** Opening Data provided block **

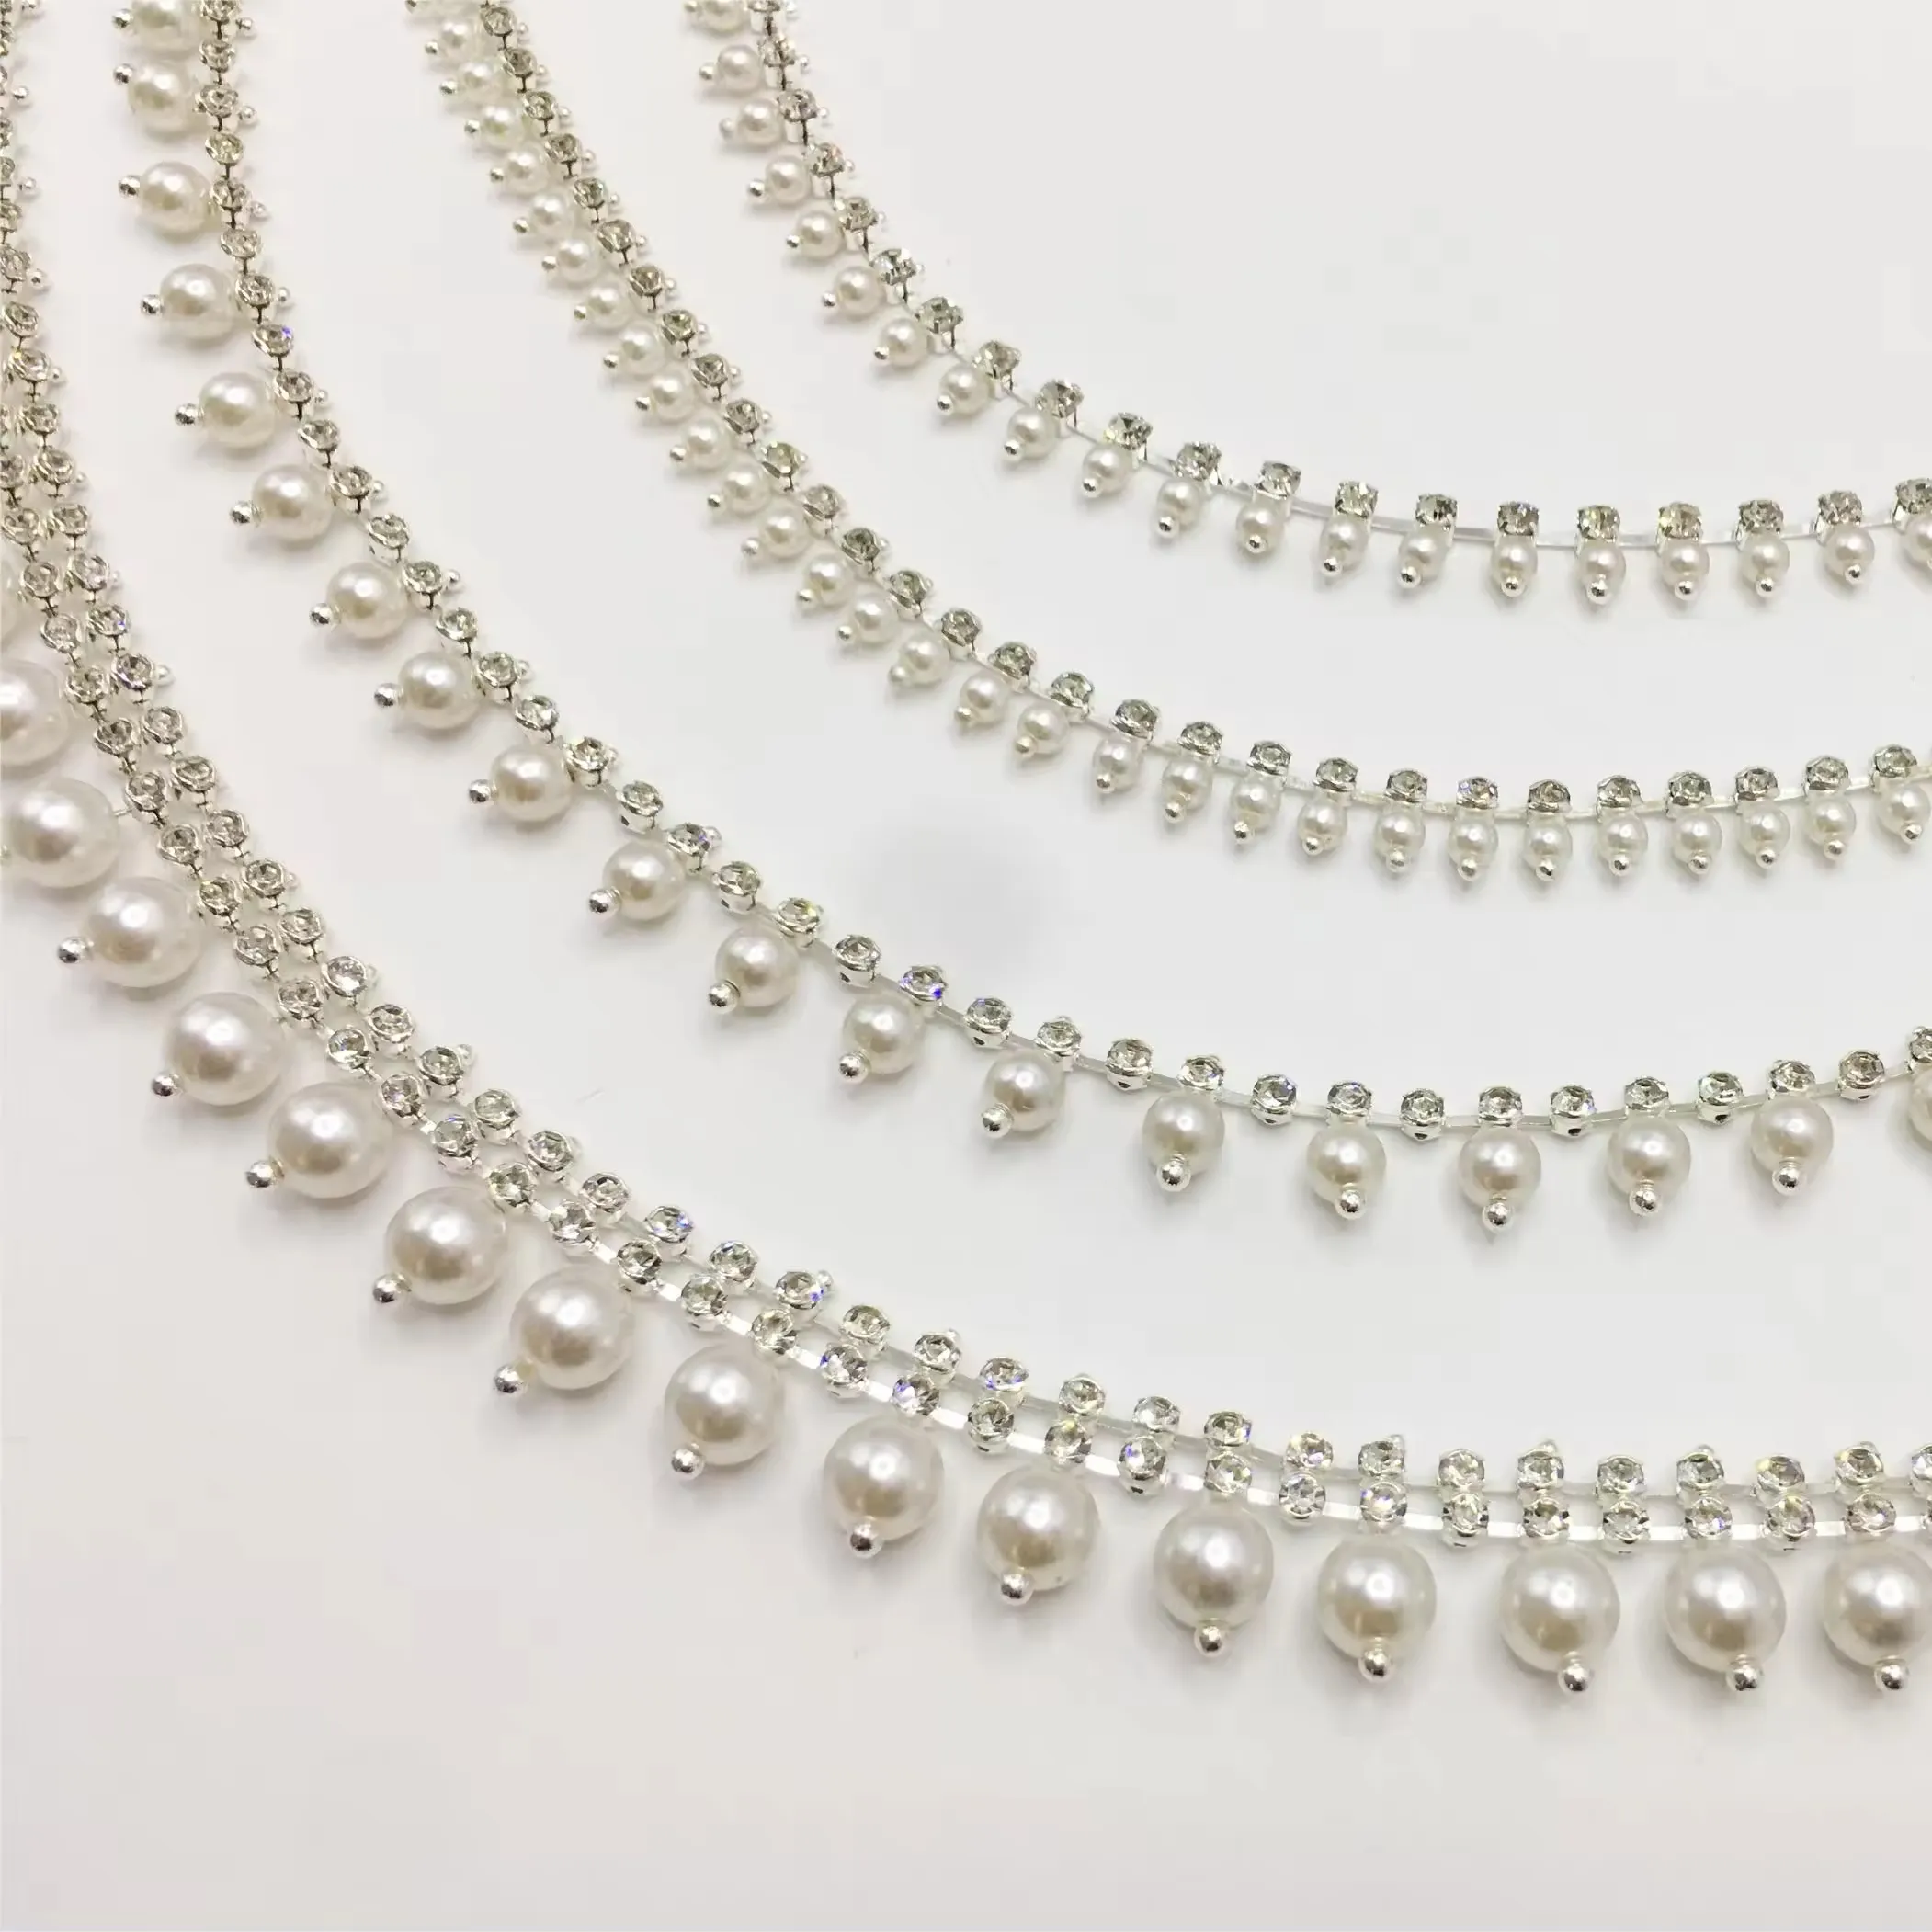 4mm/6mm/8mm Water Diamond Flower Pearl Chain Flatback Style Wedding Waist Chain Decoration Shoes Nail Art Clothing Accessories
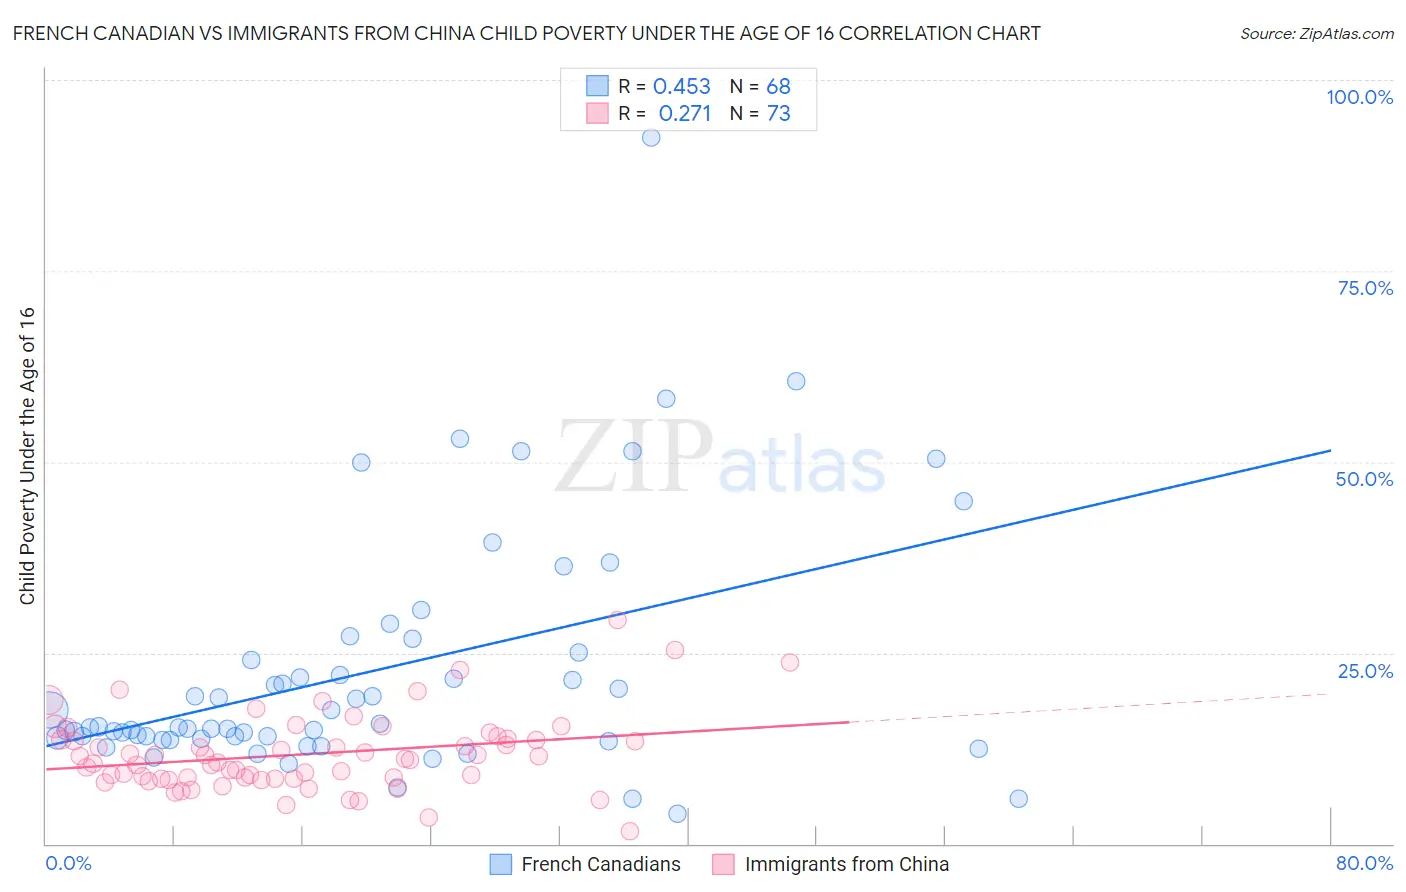 French Canadian vs Immigrants from China Child Poverty Under the Age of 16
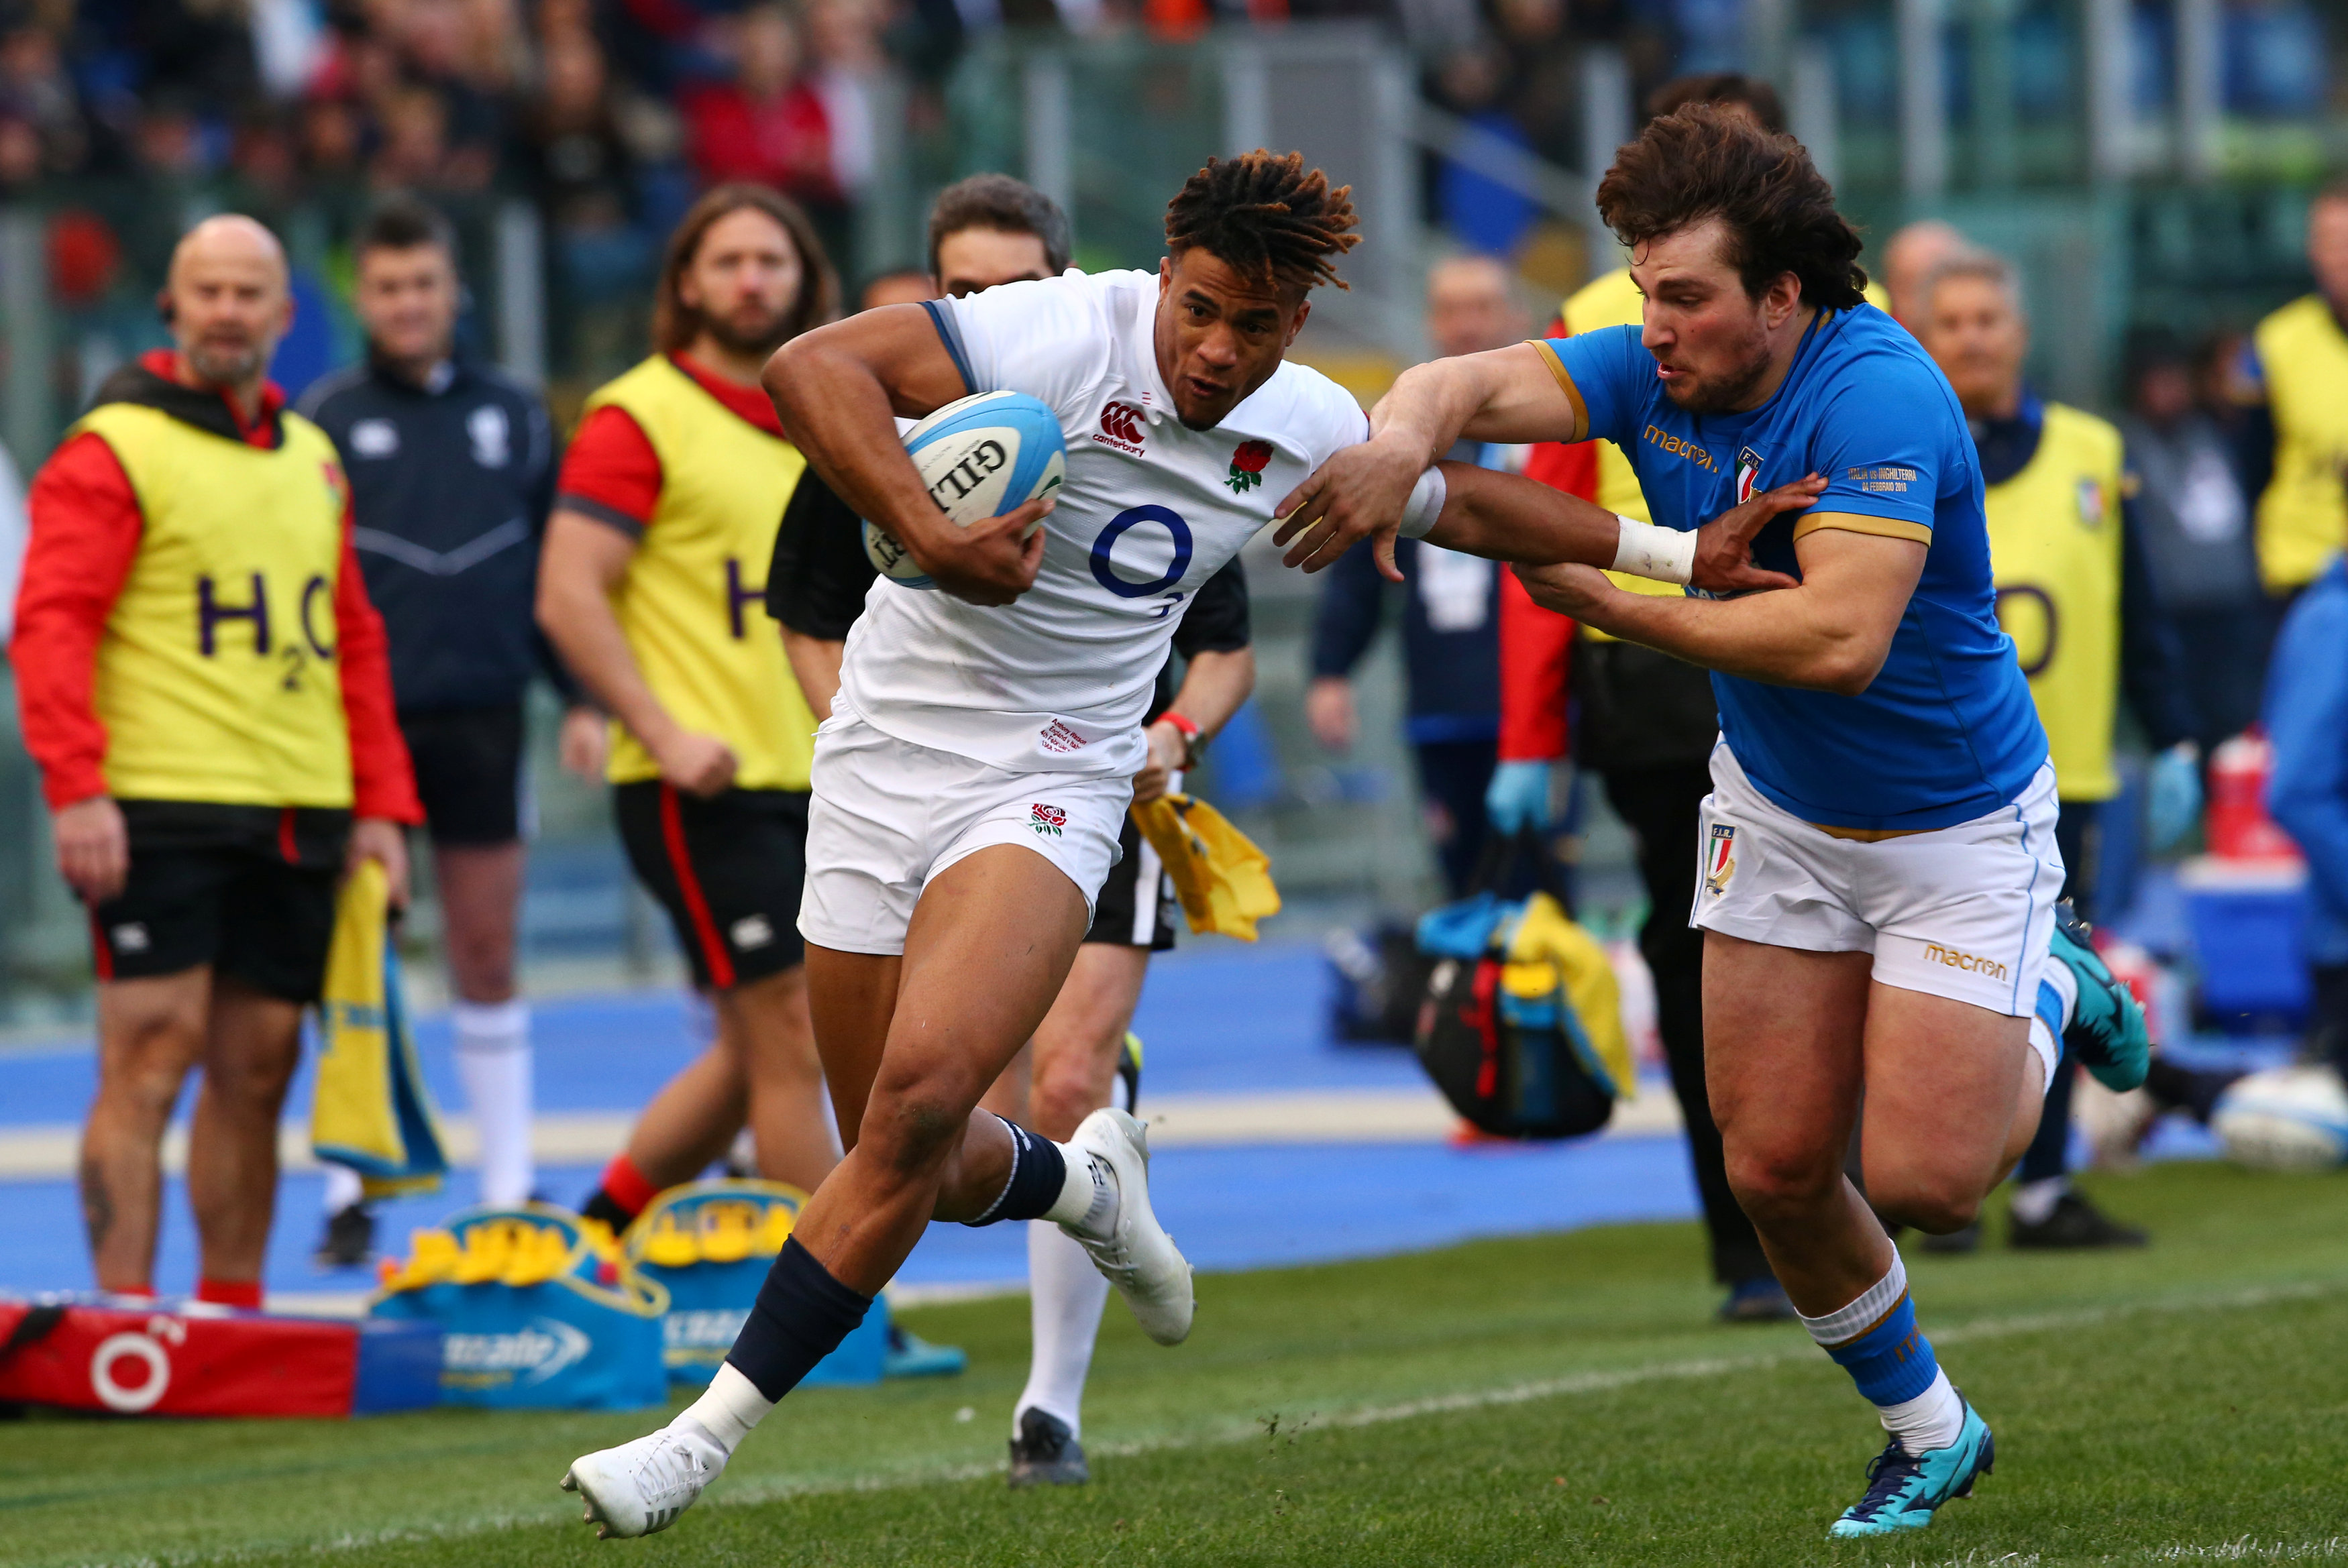 Rugby: England rack up seven tries in emphatic win over Italy

** Closing Data provided block **

- [Directions for this task]:
Nothing but the text of the listing should be set down, exactly, with the pictures left behind.

- [Completed exercise]:
 4mm/6mm/8mm Water Diamond Flower Pearl Chain Flatback Style Wedding Waist Chain Decoration Shoes Nail Art Clothing Accessories
 French Canadian vs Immigrants from China Child Poverty Under the Age of 16
 Rugby: England rack up seven tries in emphatic win over Italy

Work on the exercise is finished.